Antisemitism and Islamophobia are both poisoning the body politic, and, as the nation faces more years of economic difficulty and the scapegoating politics of decline, the far left and hard right look set to prosper. Even outside parliament, Mr Farage and his mirror-image twin, Mr Galloway, can inflict enormous harm on our multicultural society.

It is, as some Jewish leaders have warned, a dark day when this Mr Galloway once again gains a platform in parliament to vent his views. He has, in his time, formed some unsavoury political relationships, not least with Vladimir Putin (albeit distantly, from the studios of the Russia Today/Sputnik television channel); and, infamously, the extraordinary praised he heaped upon the “indefatigable” Saddam Hussein when he met him in Baghdad some 20 years ago.

Though some may feel that he is a doughty advocate for the Palestinian people, they should also understand that he has some distinctly illiberal views on Ukraine, trans rights and Brexit, which he favoured for rather old-fashioned primitive socialistic reasons.

This highly rebarbative character is not as nice as he sounds – and the same may be said of his deputy leader, Chris Williams. Mr Williams is deputy leader of the Workers Party, and a former Corbynite Labour MP suspended from the party for saying that Labour had been “too apologetic” about the antisemitism scandal. He refuses to condemn Hamas for the atrocities against civilians carried out in Israel on 7 October.

One of the politer words used to describe Mr Galloway is “divisive” – and it’s actually more of a euphemism for his combative style of politics. It’s no accident, either, that his posters have featured him with fists ready for a punch-up.

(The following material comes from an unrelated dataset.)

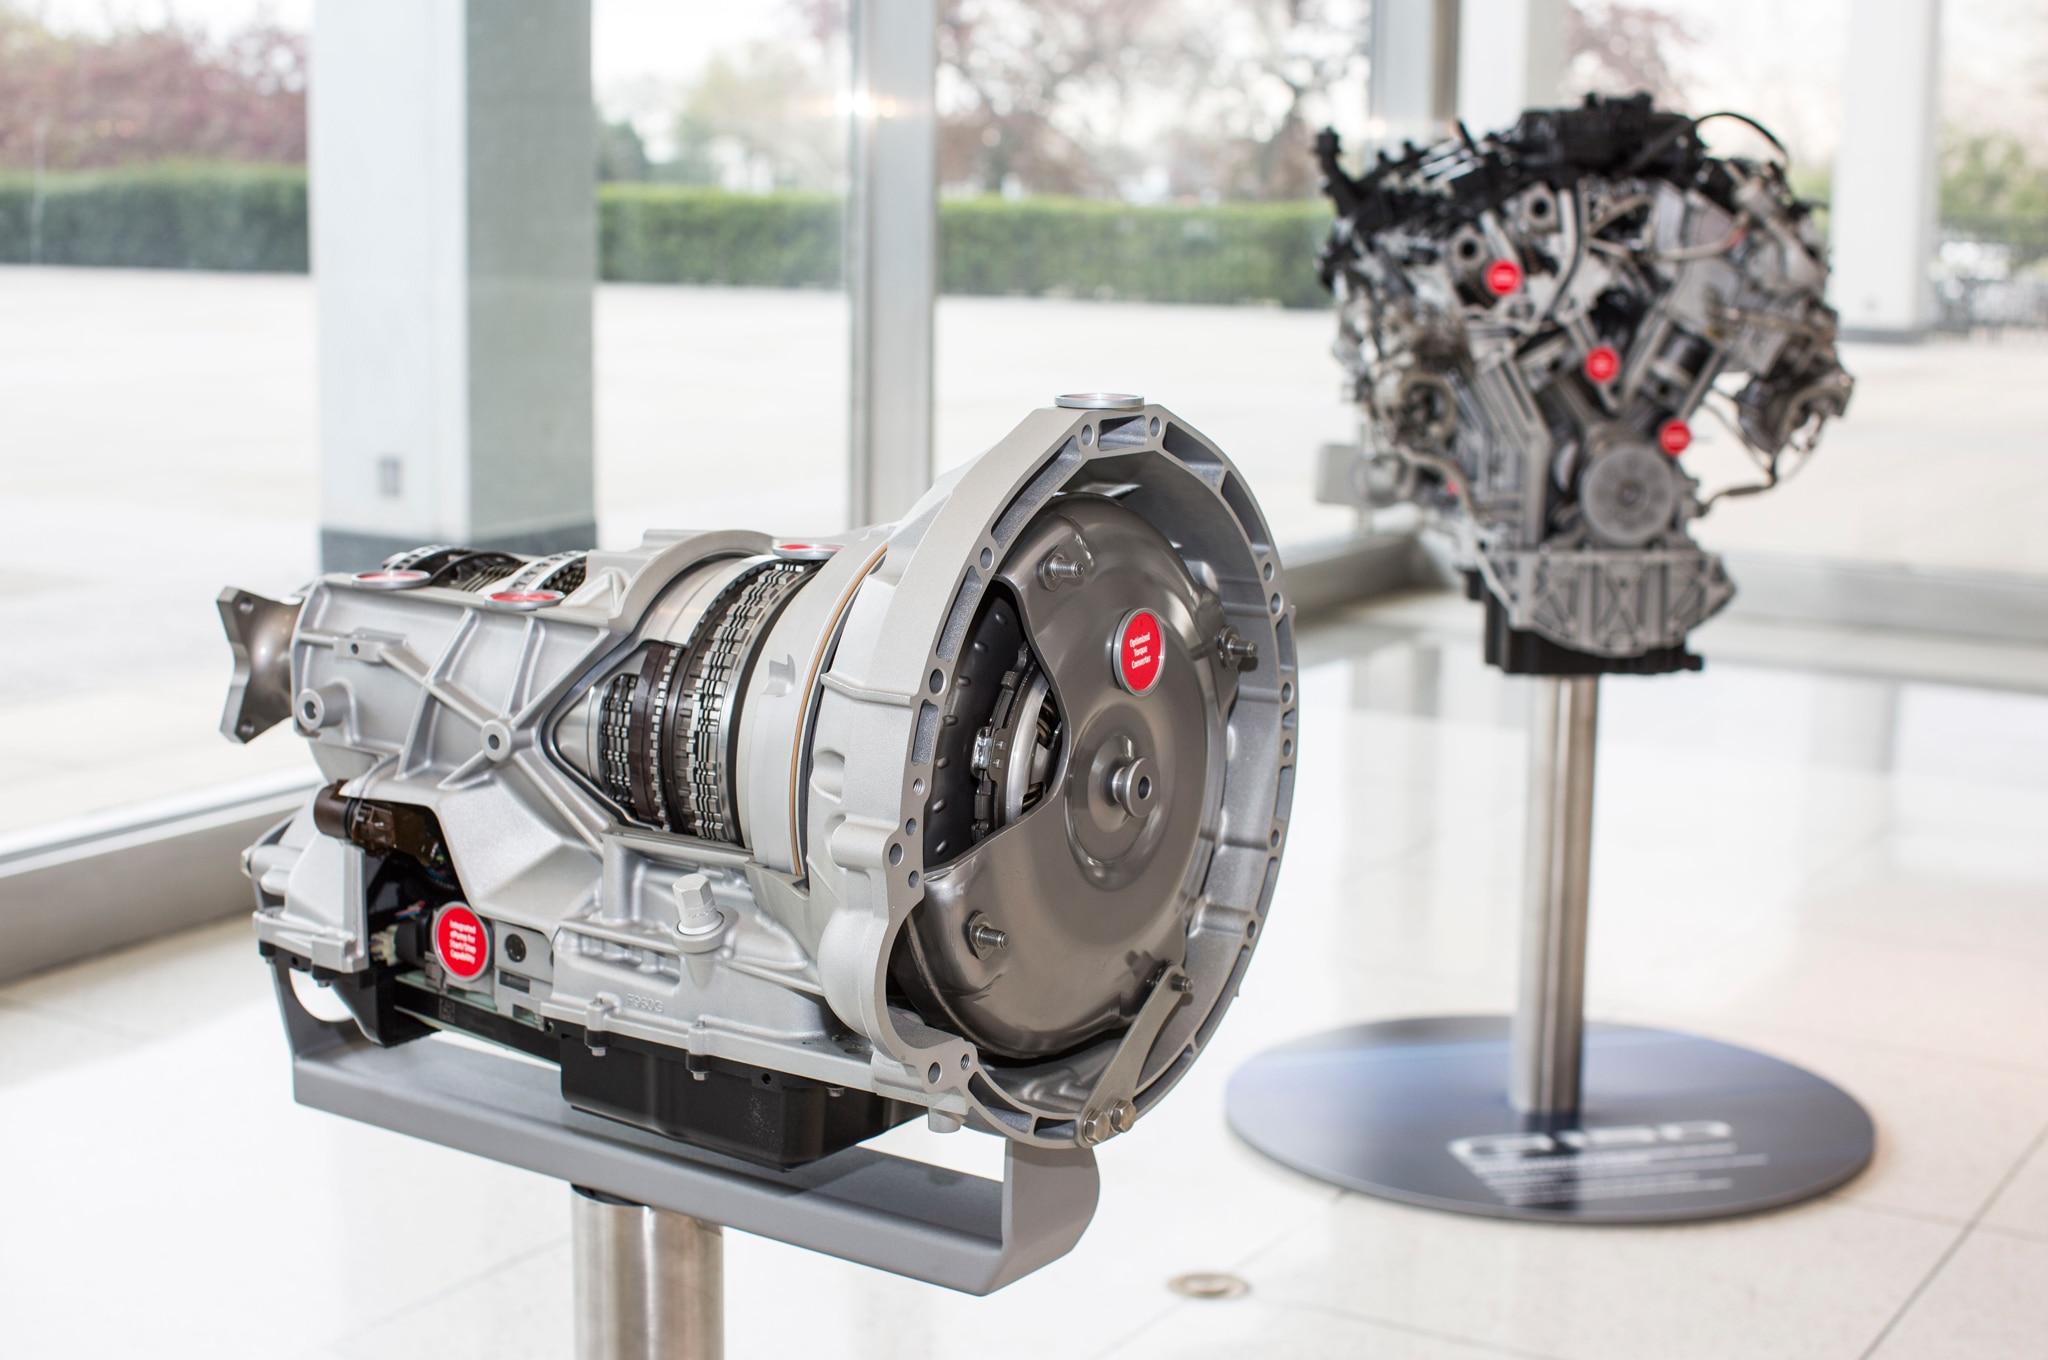 2017 Ford F 150 35 Liter EcoBoost Engine And 10 Speed Transmission

When he gets to Westminster he will be there to cause trouble, and, as he declared himself, to make Sir Keir’s problems a hundred times worse.

In that quest, Mr Galloway will have some success. It is striking that he has singled out some particular areas of the country, such as the West Midlands, for a push. He targets two safe Labour-held seats with significant Muslim communities in Ilford North and Bethnal Green and Bow – represented by Wes Streeting and Rushanara Ali respectively – both loyal to the leader.

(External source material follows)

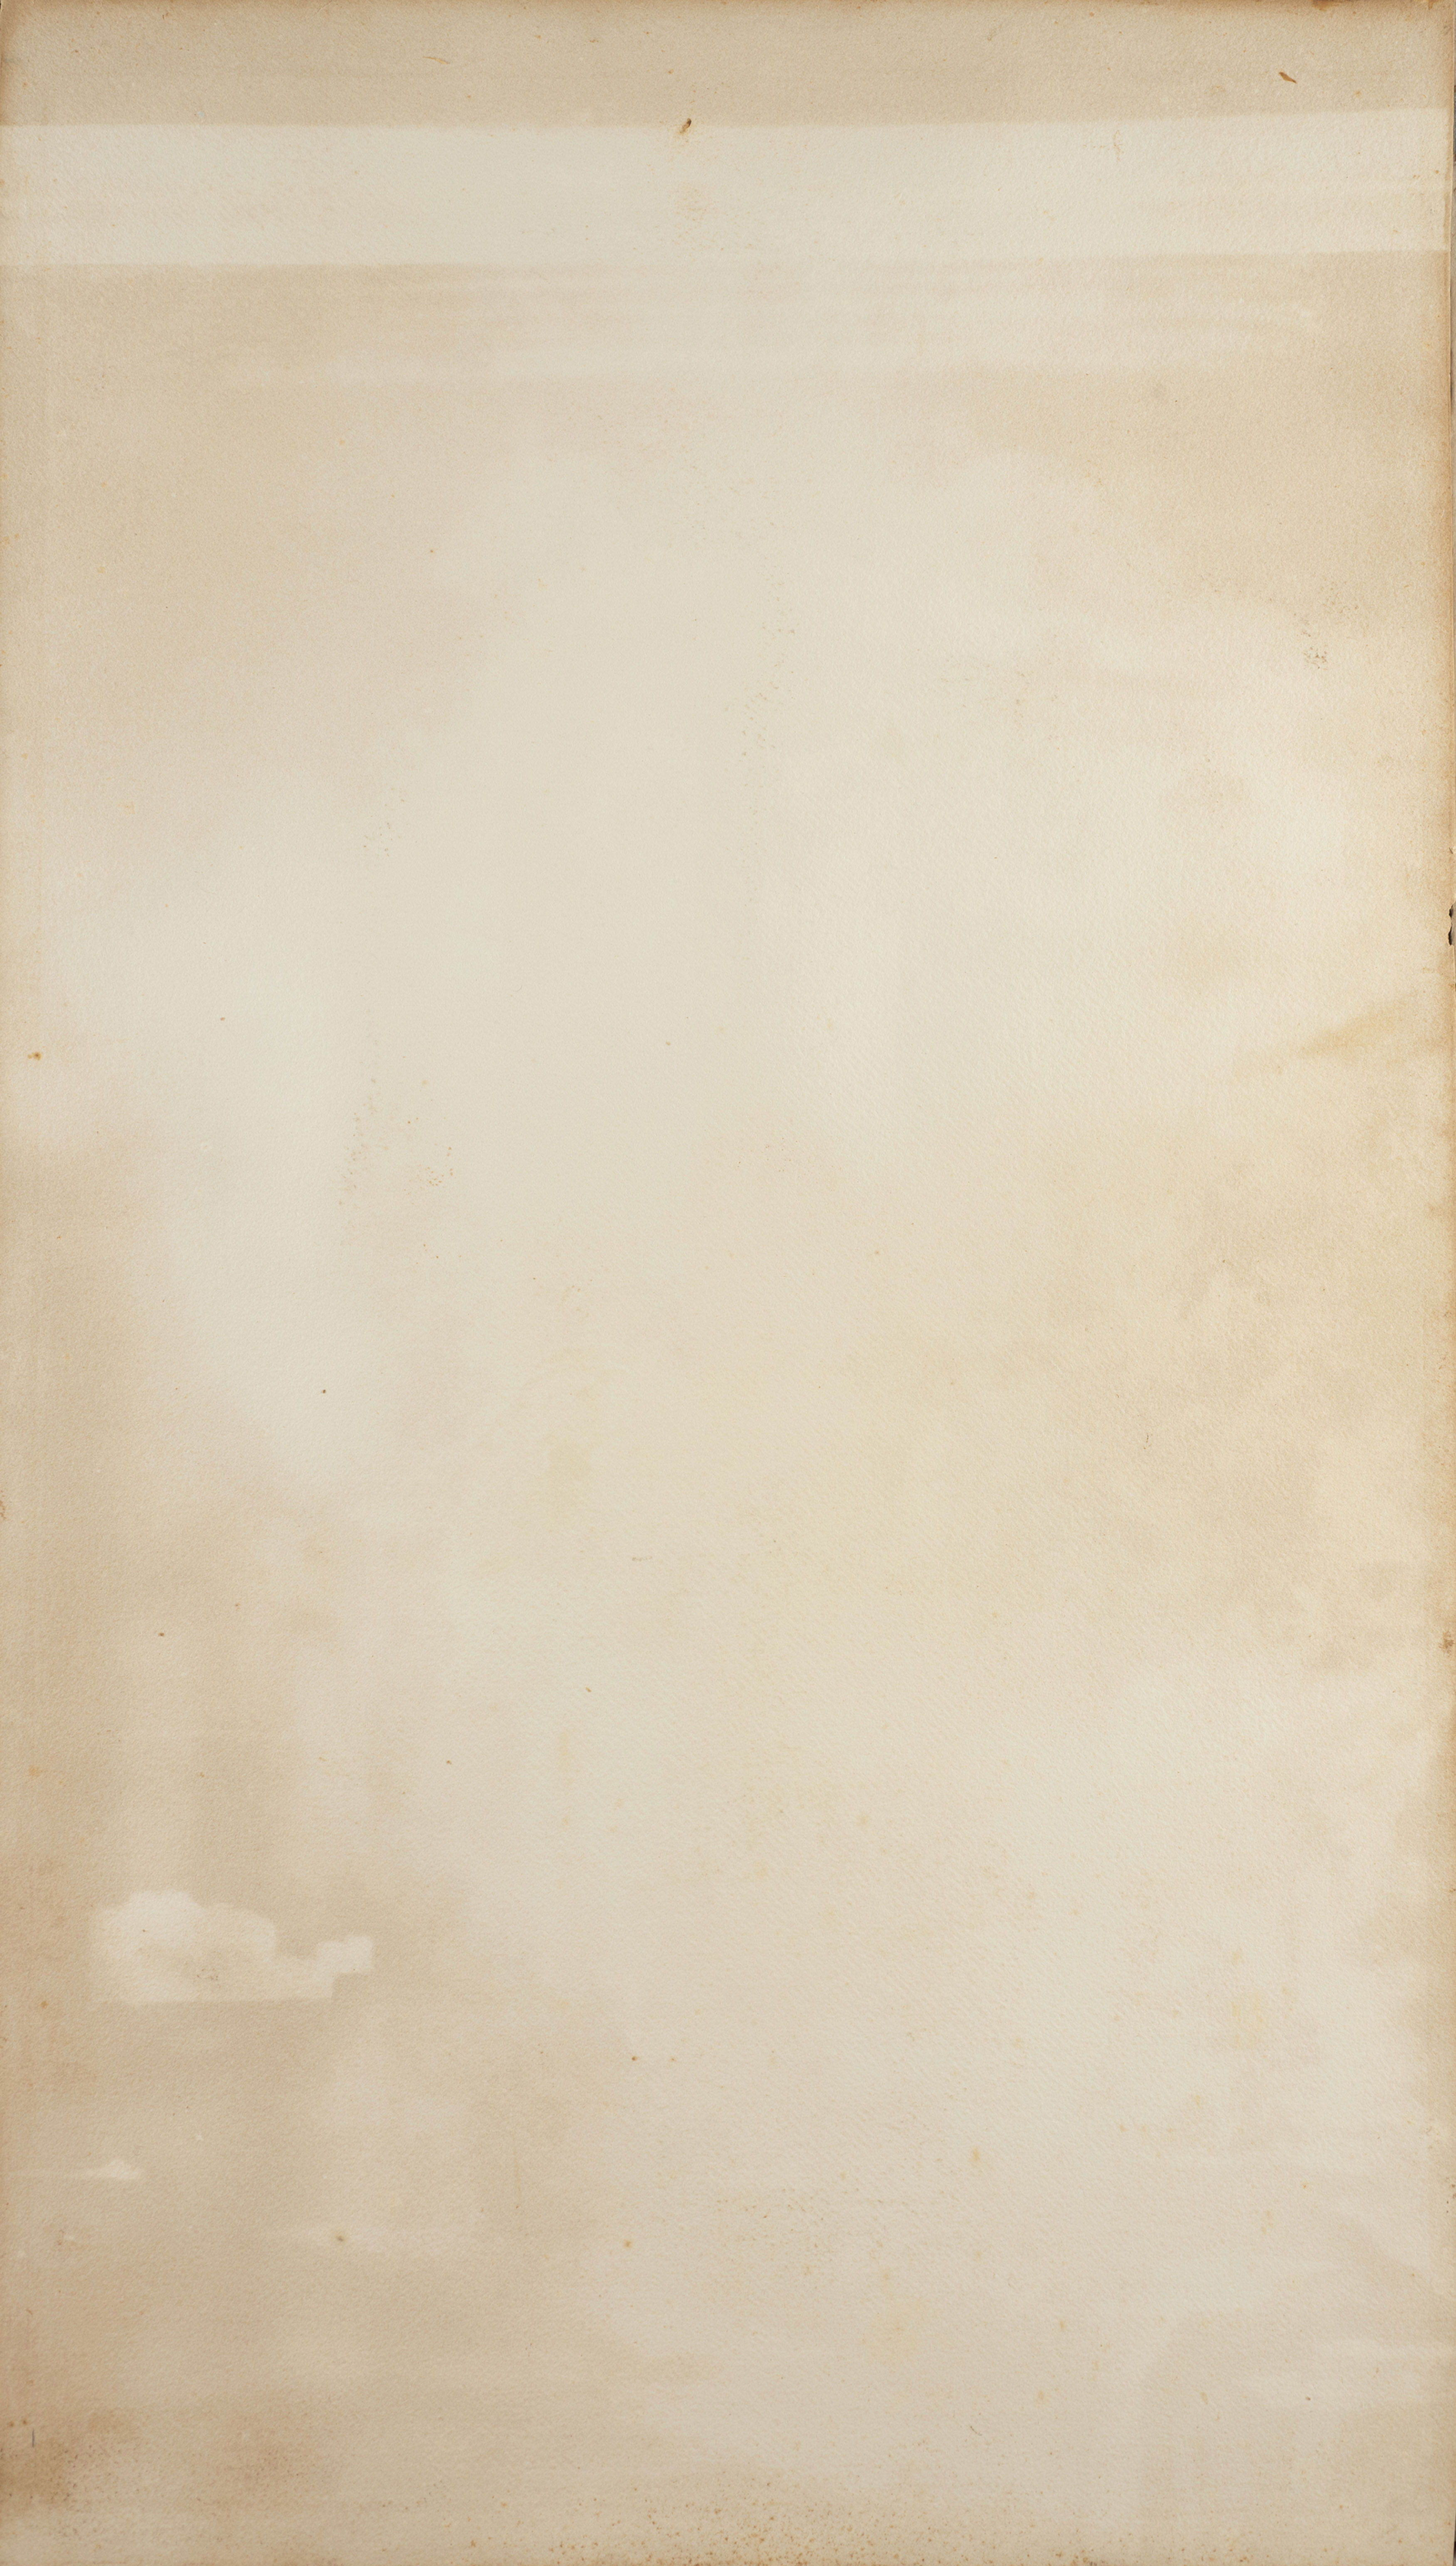 FILIPPO ANIVITTI - Image 2 of 4

The Gallowayites can’t win those constituencies but they can (and will) be an irritant and distraction both locally and nationally. It is intriguing, to say the least, that Mr Galloway will have Jeremy Corbyn formally “introducing” him to the Commons when he comes to take his seat.

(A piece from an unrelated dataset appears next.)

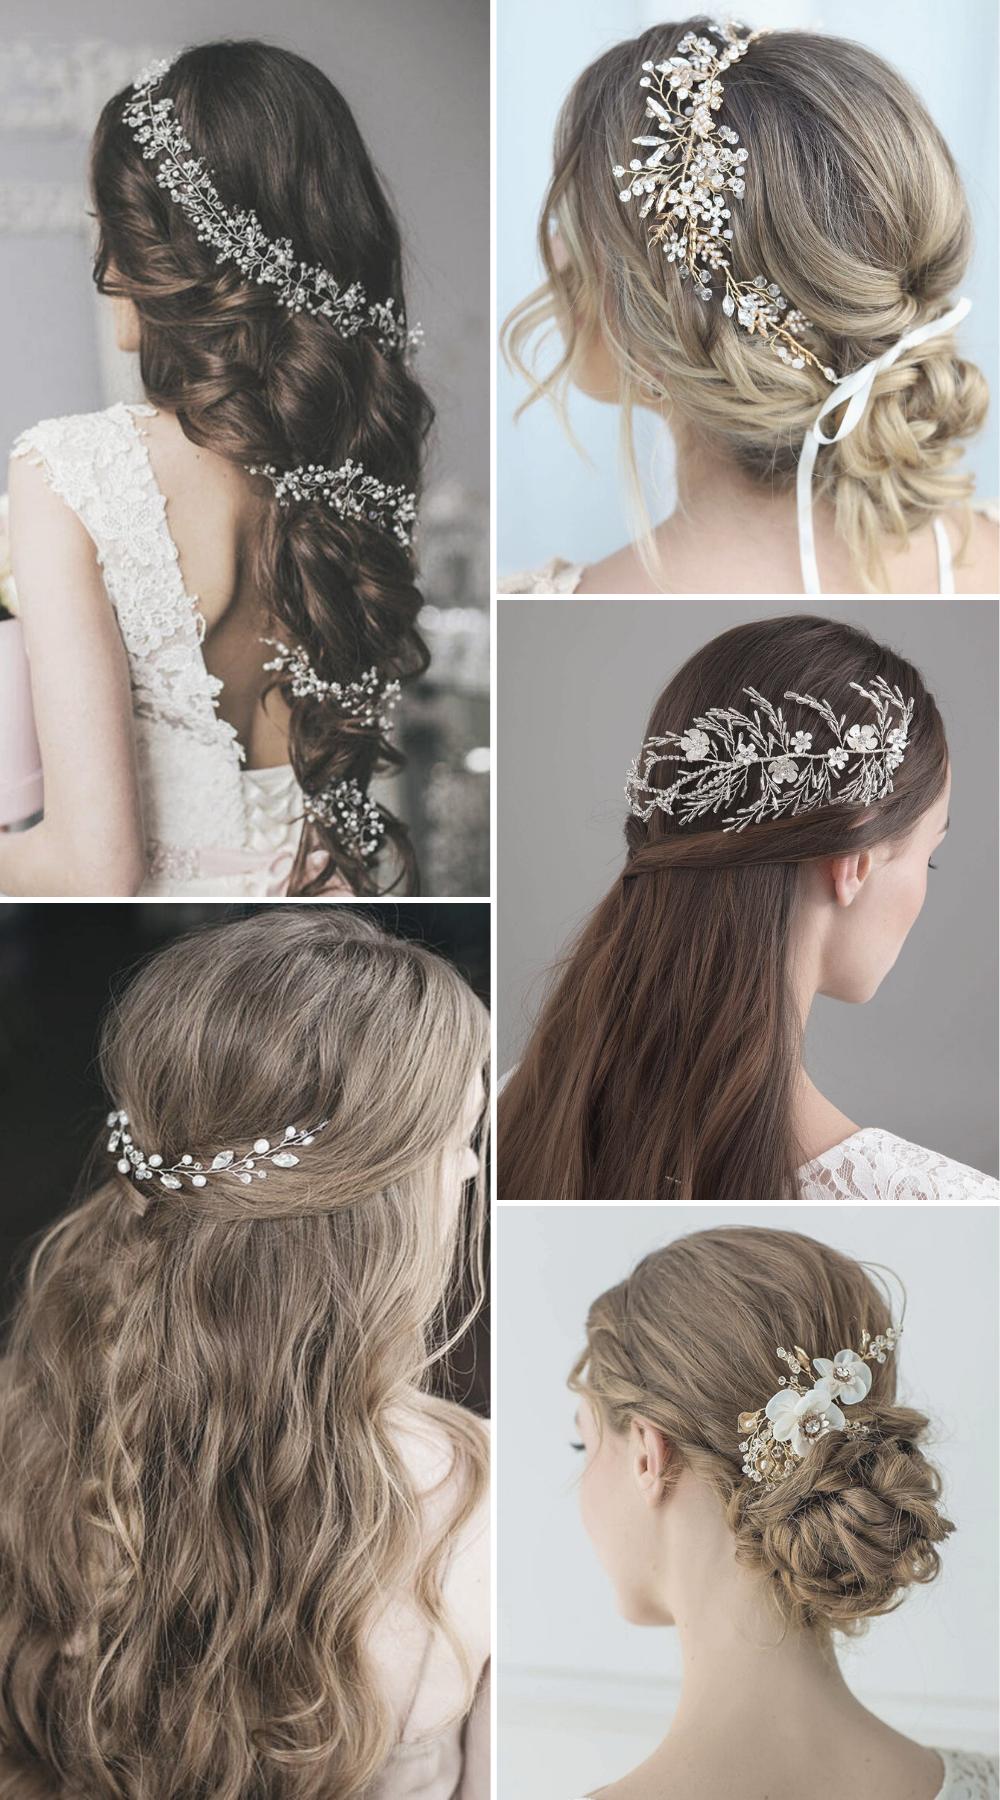 35 Glamorous Bride Wedding Hairstyle Accessories Ideas Tips Wedding Ideas In 2020 Bohemian Wedding Hair Wedding Hair Accessories Vintage Wedding Hair Accessories

Currently suspended from the party he recently led, Mr Corbyn’s political instincts are not so far removed from Mr Galloway’s, and the possibility of future collaboration between them must have crossed their minds. The pair were always men of the left: Eurosceptic, sympathetic to Russia, hostile to America, and long-term advocates for Palestine, to put it mildly. It would certainly be logical, and might attract the Momentum crowd to the Corbyn-Galloway alliance. Sir Keir might have mixed feelings about that.

In any event, what Sir Keir and his colleagues cannot allow themselves to do is to be pushed into more extremist positions simply to appease Mr Galloway. That is the catastrophic error made by the Conservatives with regard to Mr Farage over the past decade or so, with calamitous consequences – such as Brexit.

Just as the Tories can never out-Farage Mr Farage, so Labour will never be able to match Mr Galloway’s extremist instincts. This is no time for Labour to abandon the centre ground and the national interest.